3 December 2013 Magdalena Tulli for Dwutygodnik: “I don’t fling characters around”
“I don’t fling characters around. I try to save them as far as possible. I can’t save them entirely. But I would like their suffering not to go to waste,” says Magdalena Tulli to Agnieszka Sowińska in the Dwutygodnik.pl portal. We would like to remind you that the writer was a guest of last year’s edition of the Conrad Festival.
Agnieszka Sowińska: Books don’t change the world?
Magdalena Tulli: I am tempted to say that they do. Literature is a place where people try to establish the image of what happened to them. There comes a time when a new type of book starts to appear. But we don’t know what comes first. Do books change the world or does the world change books? I’d say the latter. Books are important not because they change something, but because they show something, something we haven’t seen before. They show, for instance, what other people feel. Some of them teach us how to deal with something we’ve seen, but would prefer not to have seen. Then we read them with goosebumps.
Agnieszka Sowińska: Writers must be the most difficult readers, aren’t they?
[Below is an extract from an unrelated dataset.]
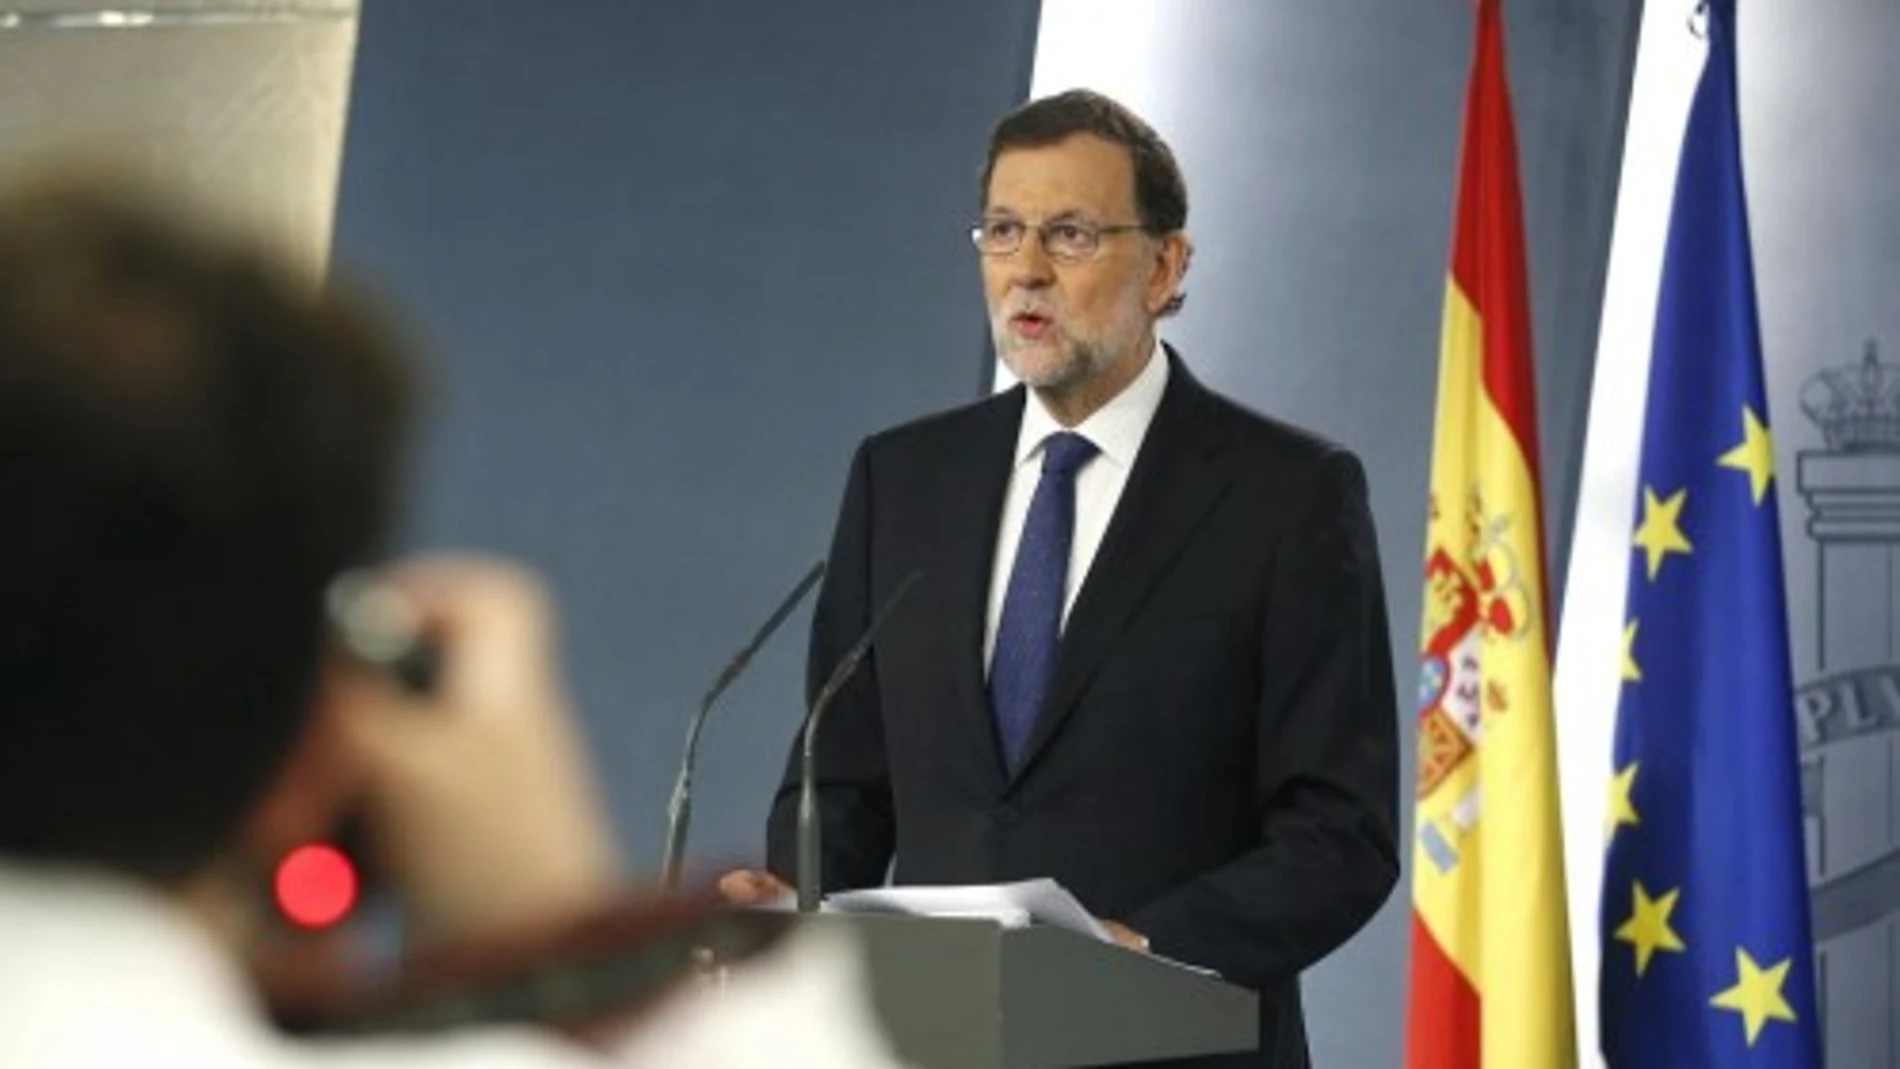 El presidente del Gobierno, Mariano Rajoy, durante su comparecencia a primera hora de la mañana en el Palacio de La Moncloa, tras el Brexit.

Magdalena Tulli: The best music listeners are other composers, and the best readers – other writers. These people see how the thing is made. If it’s made well, they derive more pleasure from it than non-composers and non-writers. They know all the tricks, so when they see a new trick, they are really impressed. They hear the harmony, they know why it sounds the way it sounds, they don’t need it to be catchy. What else can one wish for? On the other hand, writers and composers are a fraction of a percent among other people. How many books can they buy? How many tickets to concerts? That much less, since they usually receive them. Tryby was the best of my books. But sales statistics show that only writers have read it. And maybe some composer.